DATA:
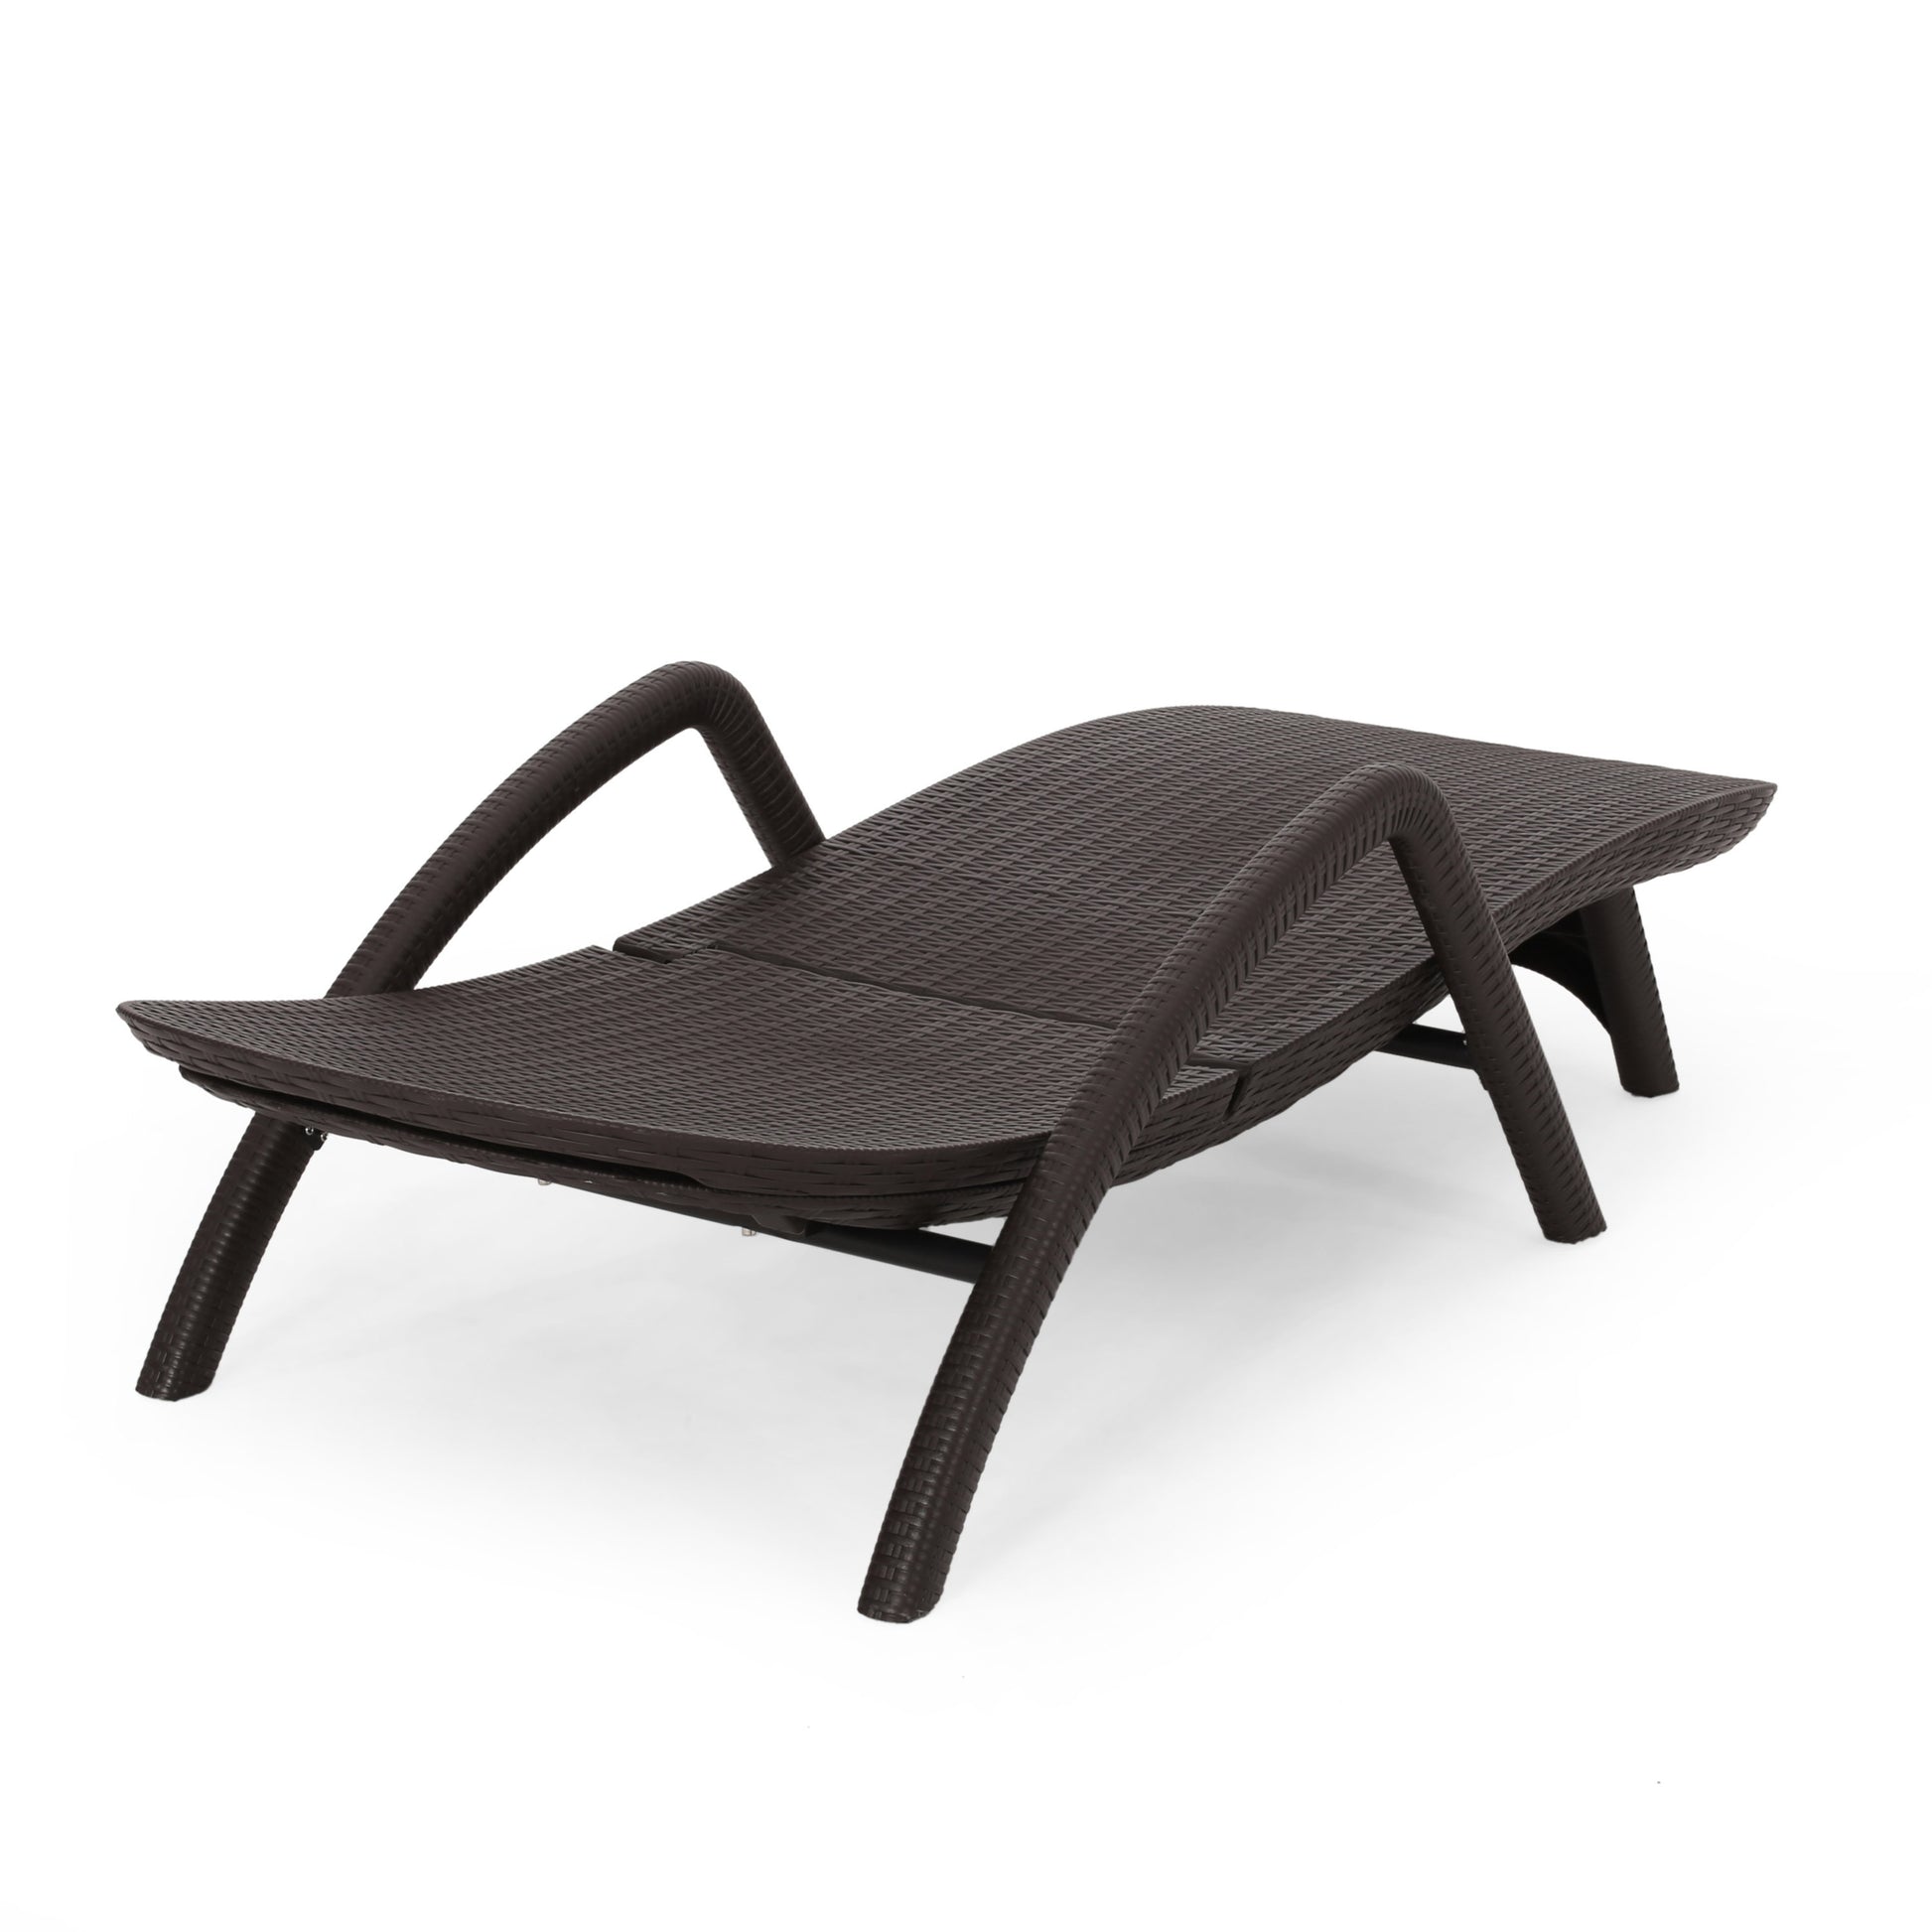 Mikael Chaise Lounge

* * *

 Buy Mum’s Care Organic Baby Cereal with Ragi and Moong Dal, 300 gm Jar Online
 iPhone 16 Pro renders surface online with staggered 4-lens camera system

ABOUT THIS EXERCISE: Determine how many lines of the material hold the string "with", and state that number by itself.

RESPONSE TO THE TASK: 2